The next two days were identical to the previous two. Sheila Majorie’s life consisted of waking up, going to work, and coming home. The most exciting thing she did was stop at the drug store. There was not the slightest indication of anything that tied her to anyone involved in drug dealing. Though he
was using up a lot of favors, Lou again called Tommy McCoy and asked him to pull her police file. It came back clean; not even a parking ticket.
As a last resort, Lou followed her to the beauty salon the next day and walked in when they opened at noon. Sheila was wearing black jeans and a cream-colored sweater that clung to her curves. Her hair was in a bun, her fingernails painted red. Within a minute Lou was seated in a leather barber’s chair, and she was assessing his hair.
“Thin out the sides with your number three and take no more than a quarter inch off the top,” he said.
She lowered the seat and rested the back of his head in a sink where hot water was running, and began shampooing his hair. “You’re very lucky your hair is so full,” she said.
“Tell me about it.
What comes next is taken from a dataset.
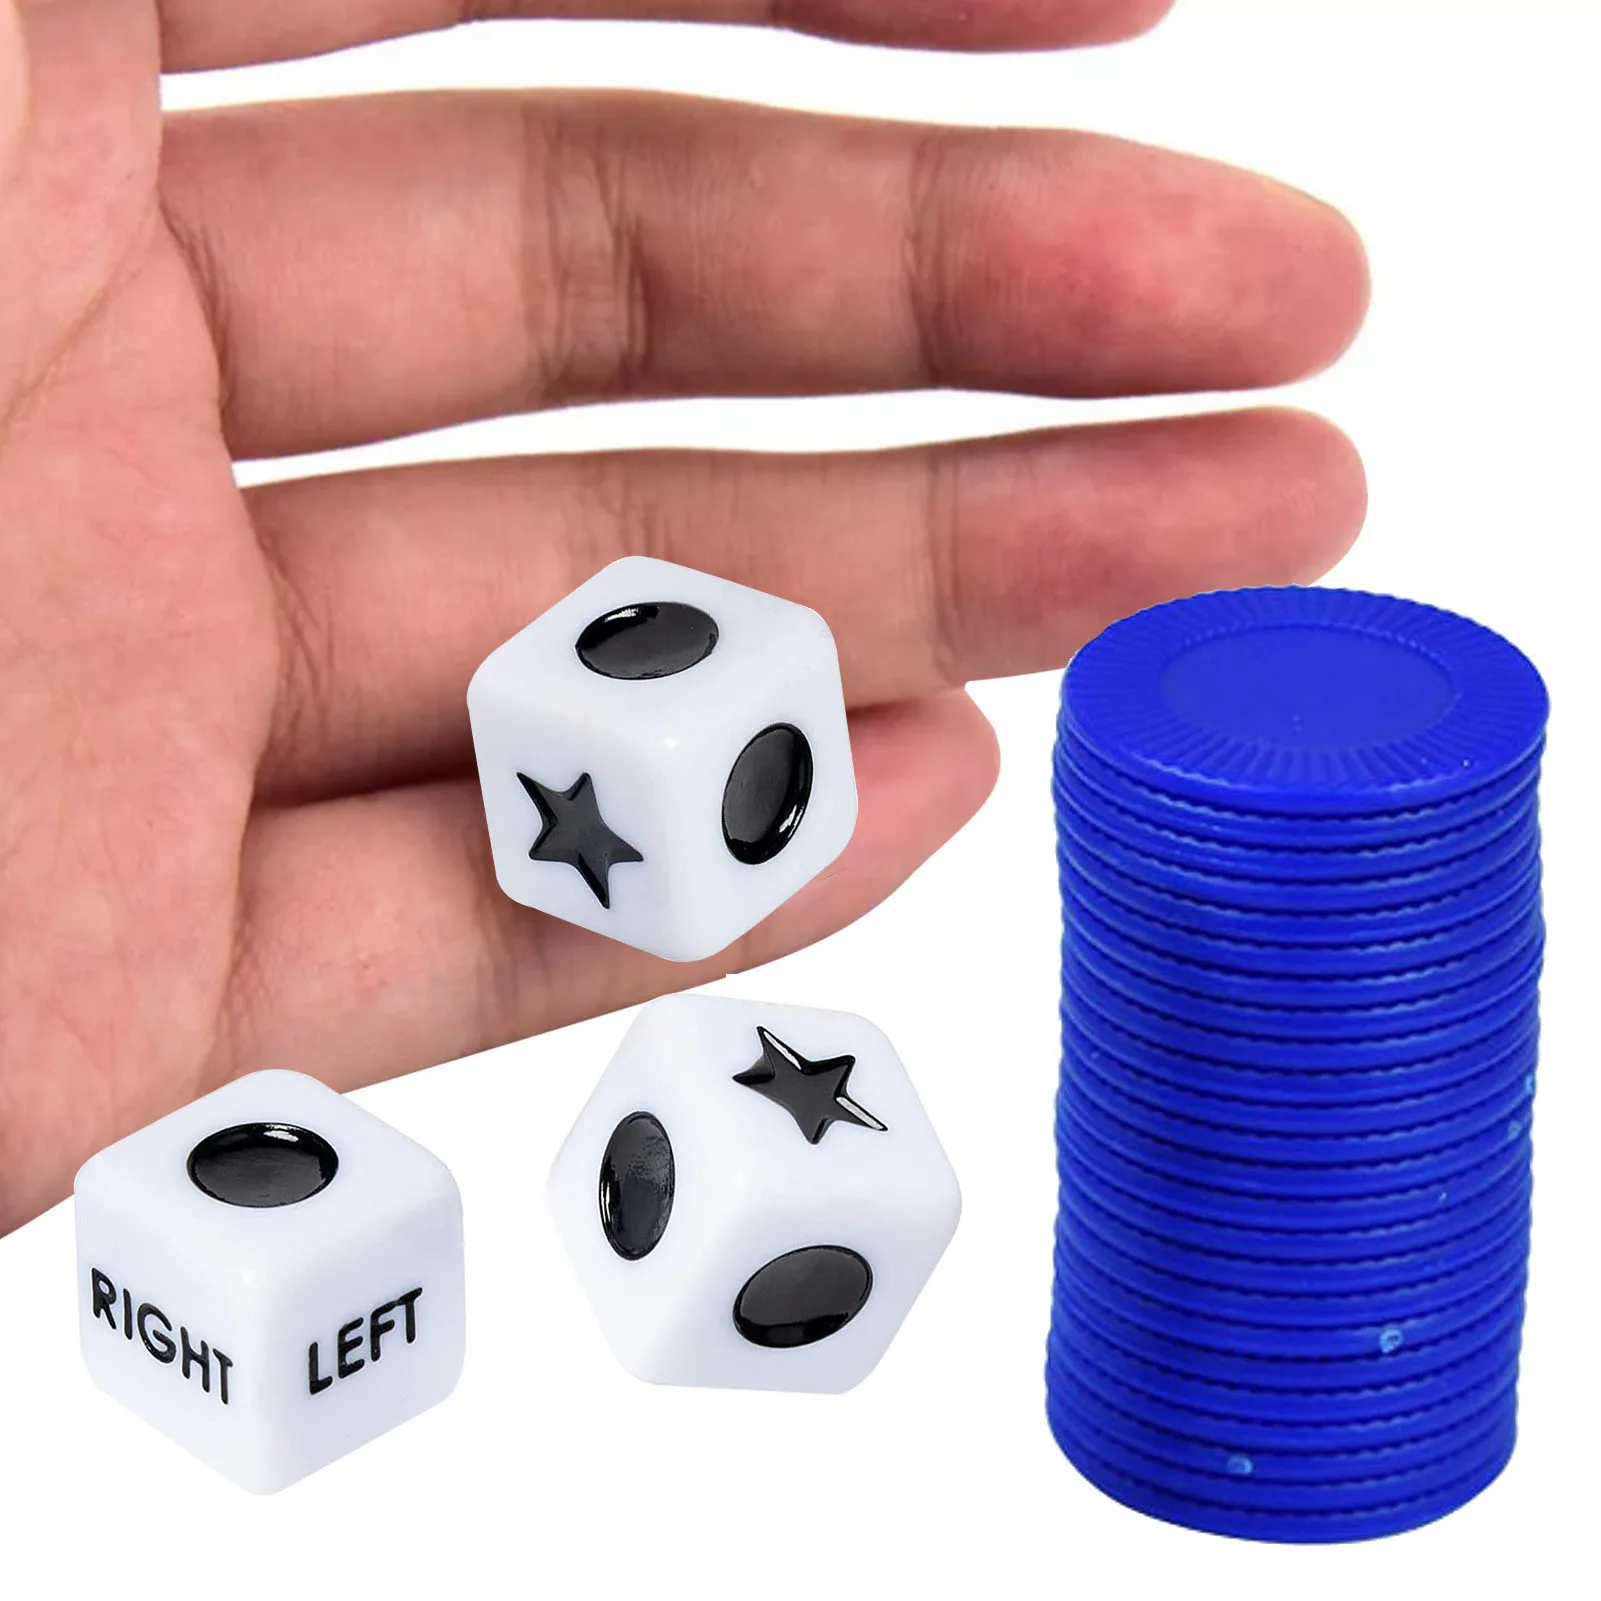 left-right-center-dice-game-innovative-left-right-center-game-fun-indoor-outdoor-family-playing-dice-game-for-kids-teenagers-and

I’m surprised I’m not bald by now with the grief my kids put me through.” Lou stared up at Sheila’s bosom as she massaged his scalp.
“Like my daughter. I put her through college, and it cost me a fortune. She just graduated, but instead of going to work, she ran off with her boyfriend.”
“You don’t like him?” Sheila asked, her palms rubbing his temples.
“I don’t know him; that’s what bugs me. I’ve only met him once.”
Sheila rinsed his hair, then lifted his head and wrapped it in a towel.
“He’s Mexican, and he’s covered in tattoos,” Lou said. “I don’t know if that’s supposed to be a fashion statement, or what.”